Então eu pedi que ele se virasse e vesti a blusa. Levantei os cabelos – eram os cabelos que mais lhe chamavam atenção em todas as mulheres que já havia conhecido, mas ele nunca me disse nada, e mesmo assim eu sabia. Certamente ele pensava como foi horrível quando eu cortei a franja, enquanto me dava o laço na blusa de chita. Eu me virei e perguntei: “que tal?” Ele disse que o cheiro estava realmente insuportável. Eu disse com certo orgulho que tinha usado a blusa por três dias seguidos. No final desisti da blusa, quando ele disse que não sairia comigo daquele jeito. Estávamos nos divertindo como crianças.

Depois então eu soltei os cabelos e apareci com um camisão de seda preto, desses de gola larga caindo no ombro, que tias velhas sedutoras usam nos velórios precipitados. Vestia também uma outra calça, de veludo: linda calça de veludo. Ele disse que eu estava parecendo a Patti Smith. Eu gostei.

Vesti sapatos de salto azuis, depois sapatos pretos, depois botas texanas, fiquei descalça – as unhas órfãs – então vesti um tênis. Ele esperava vendo fotos de pessoas desconhecidas que tentavam parecer pessoas familiares. Então eu tirei o tênis, tirei a calça de veludo, ele disse: “é linda a calça de veludo”.

Saí do banheiro com uma calça jeans escura, vesti de novo o tênis, usava agora uma camisa branca.
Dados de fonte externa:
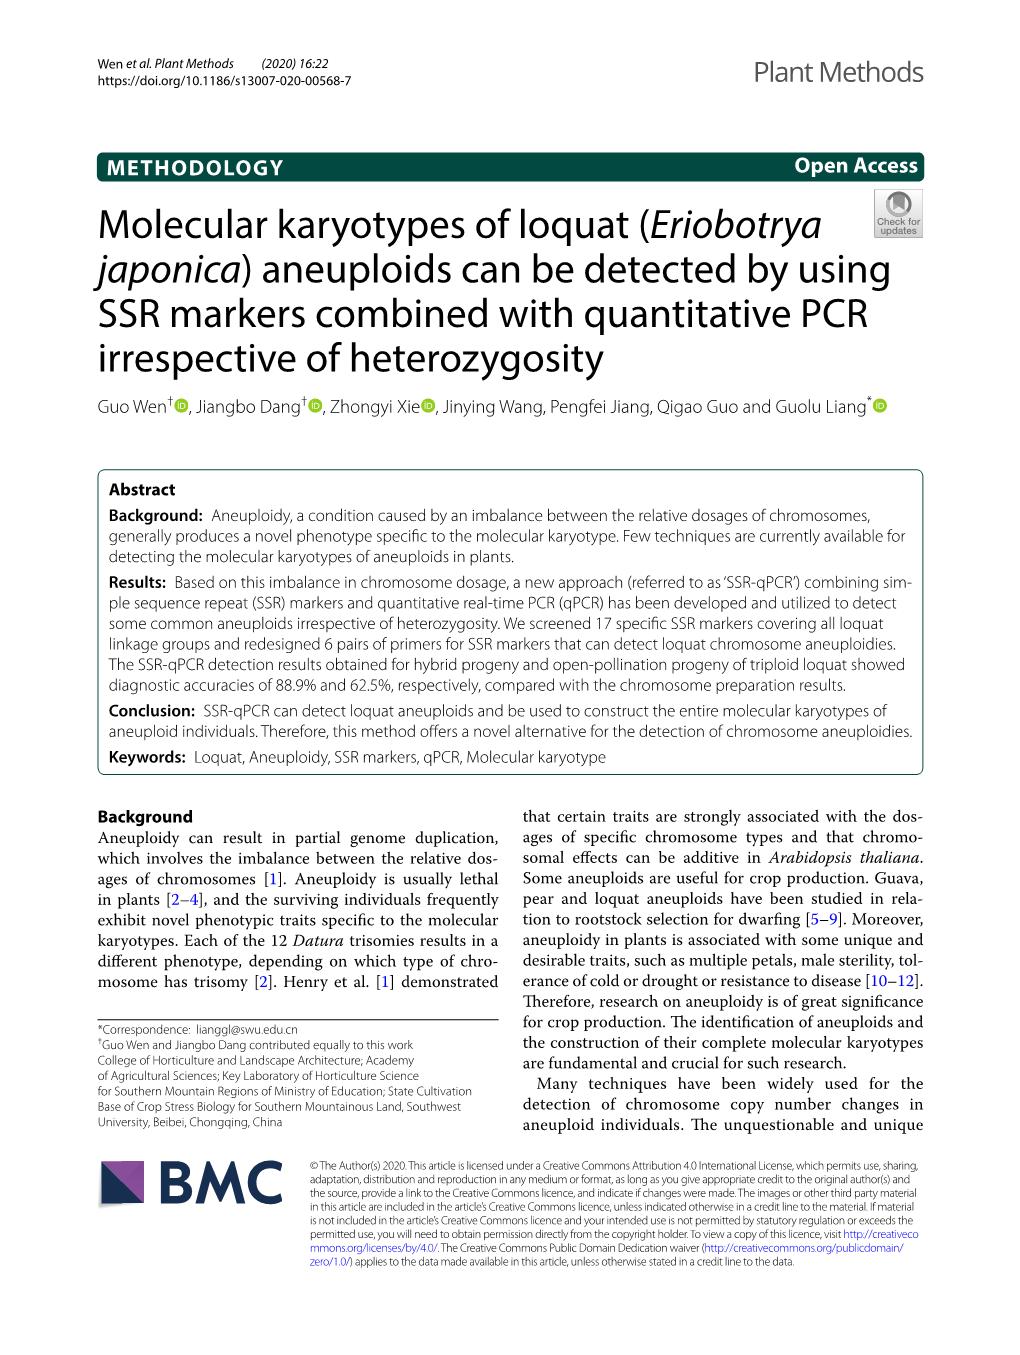 Molecular Karyotypes of Loquat (Eriobotrya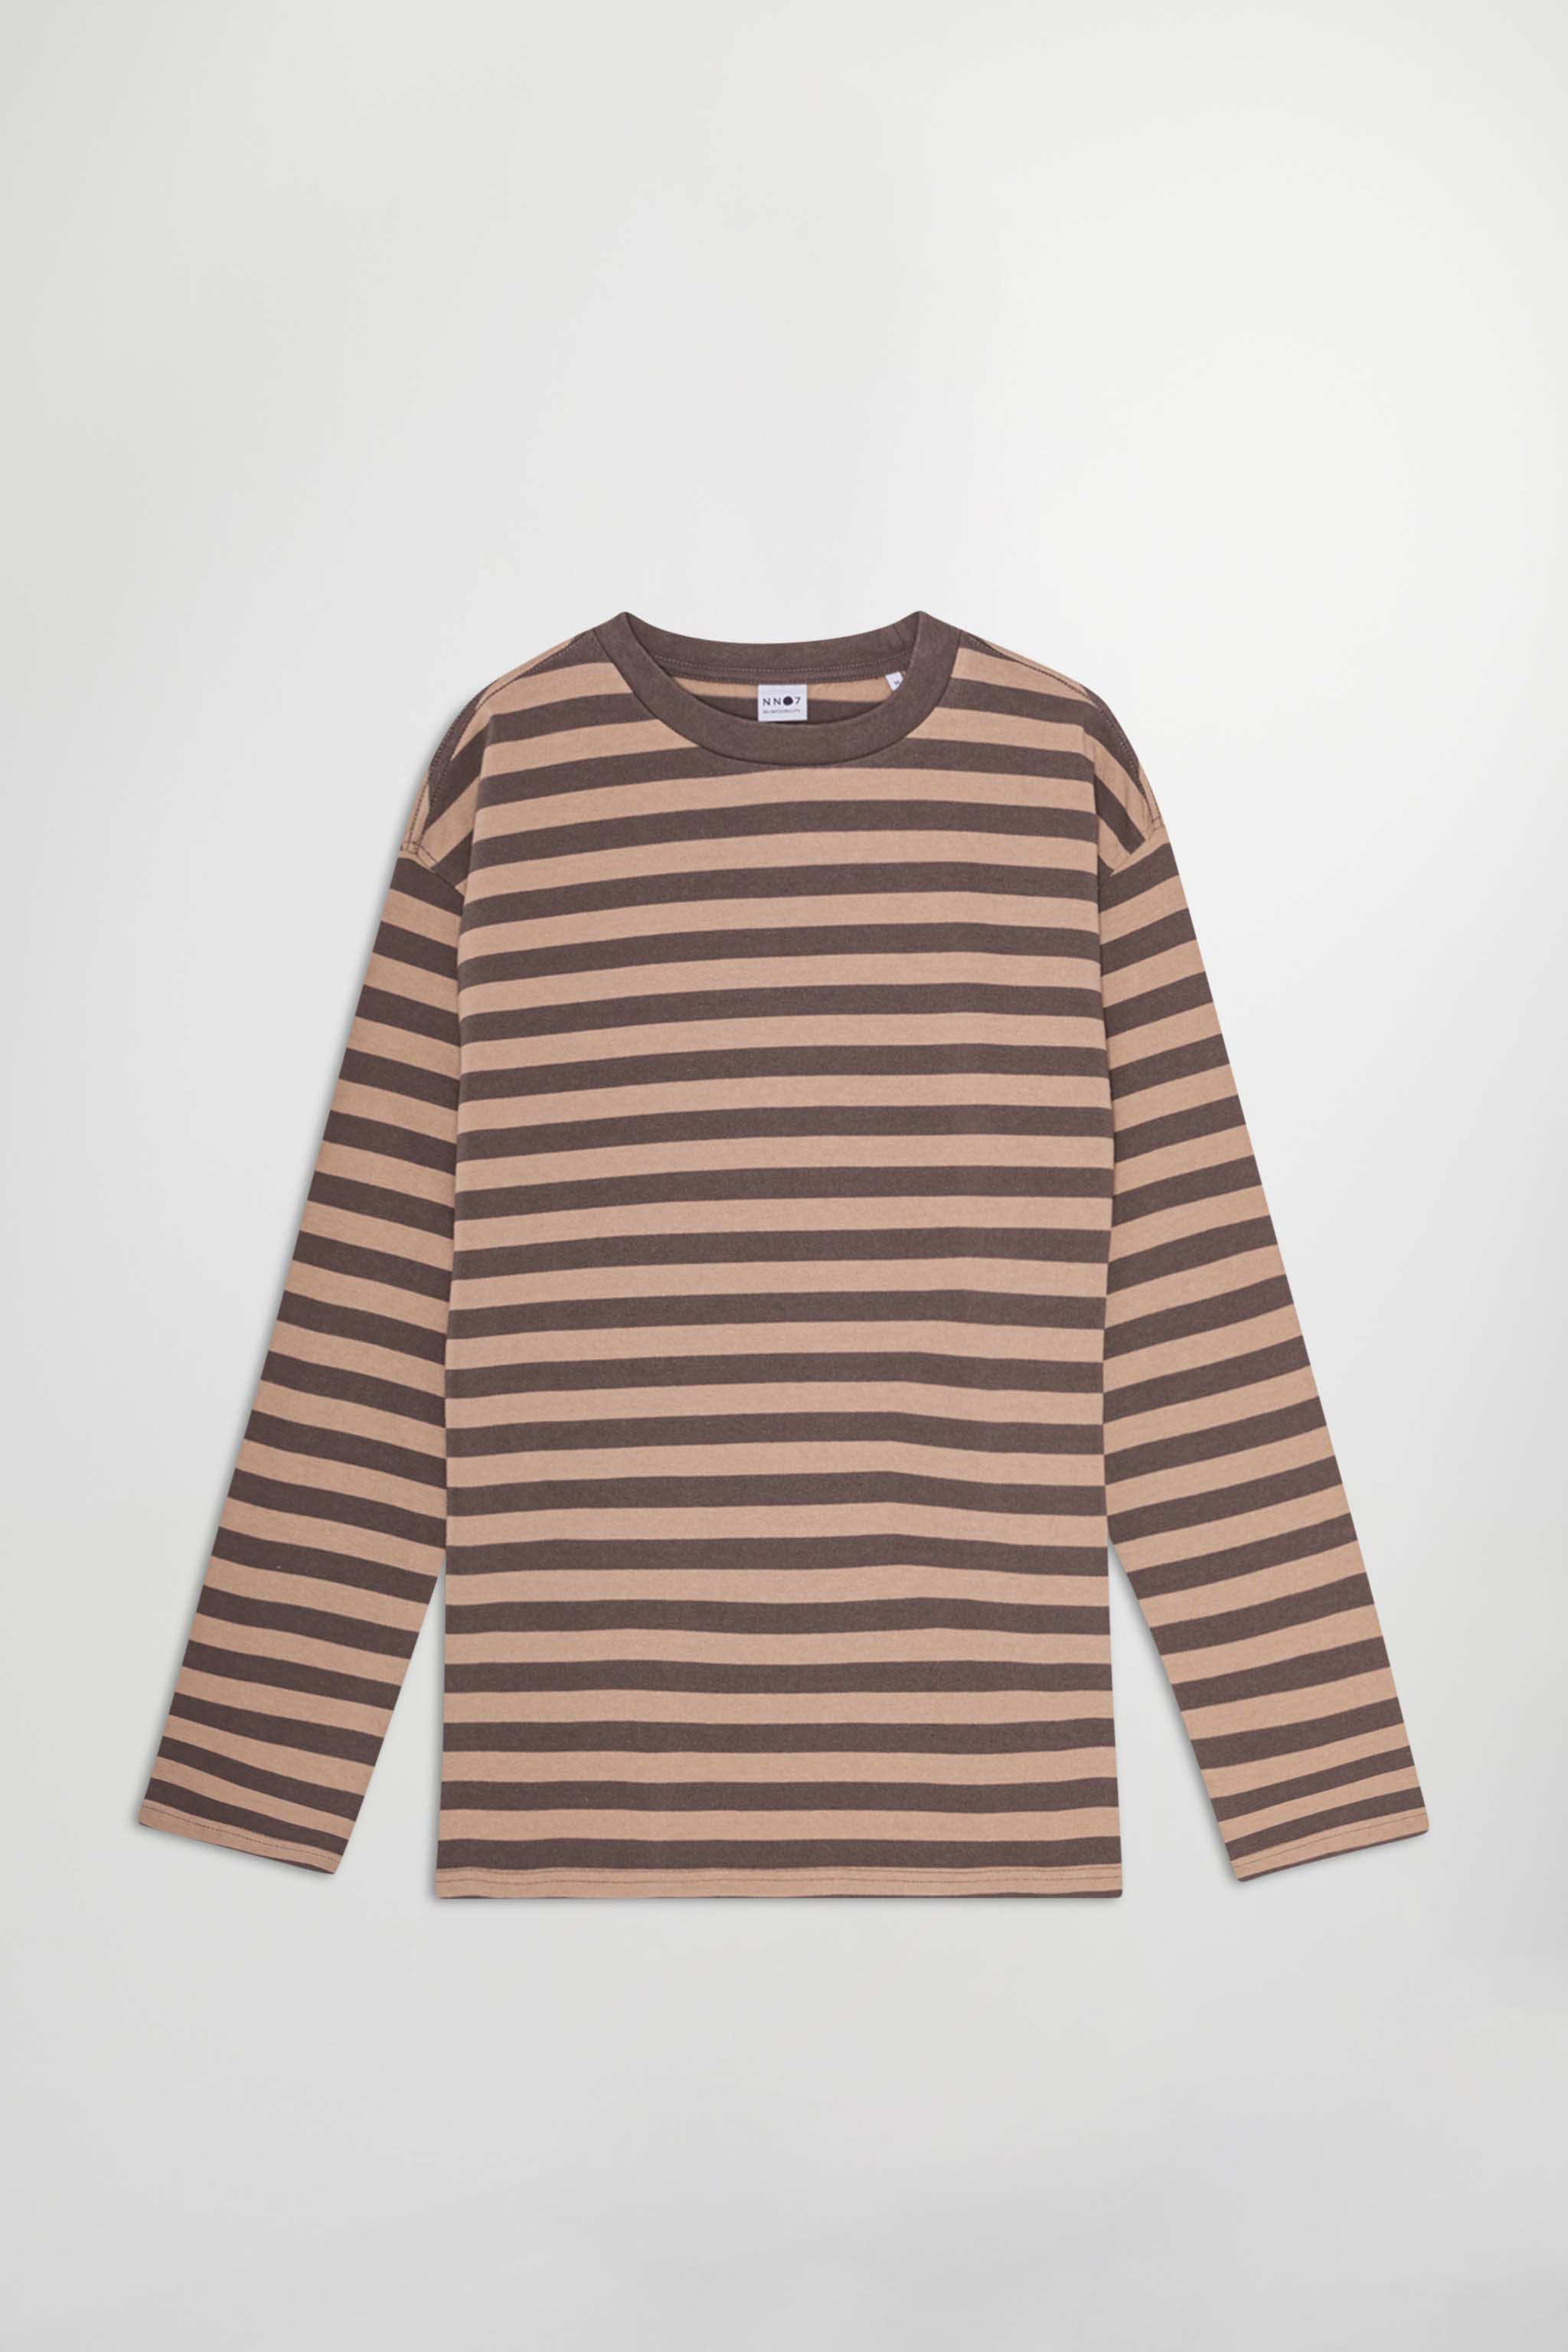 Tim 3449 men's sweatshirt - Blue Stripe - Buy online at NN.07®

Ele me disse para vestir outra vez a calça de veludo: linda calça de veludo.

Eu disse para ele não me pressionar. Abri o armário e ele viu um terno de lã xadrez bem surrado e disse: “você deveria ir com a calça de veludo preta e o terno xadrez, descalça”. Estalei a língua no céu da boca e ele se calou. Ríamos por dentro e por fora estávamos vazios. Vazios não, tímidos. Com quem mais eu poderia conversar sobre calças de veludo e ternos afinal? - eu pensava enquanto descíamos as escadas sem luz.

Subindo pela perimetral. Reparei que por todos os lados havia cemitérios. Cemitérios lotados, ele me disse, onde não cabia mais ninguém.

- E onde enterram os mortos? - eu perguntei.

- Na periferia - ele disse vagamente.

Quem mais eu poderia deixar falar por último assim, deliberadamente? – eu pensei, mas não disse mais nada sobre os cemitérios lotados.

Havia, contudo, uma fileira com bancas de flores para os mortos. Eu lhe contei ofegante que o meu sonho romântico seria que alguém me trouxesse de carro, parasse o carro em fila dupla e fosse a uma dessas floriculturas me comprar flores. Falei isso de olhos baixos, vendada. Andávamos como velhos que já viram demais, entregues, os braços dados como na festa junina, eu pensei. Mas não disse mais nada sobre as flores da morte, porque nós dois tínhamos ainda muito para procurar juntos. Sim, juntos! Então pela primeira vez na noite – quem será a vagabunda, meu deus, quem? – deixei de sorrir e seguimos em silêncio.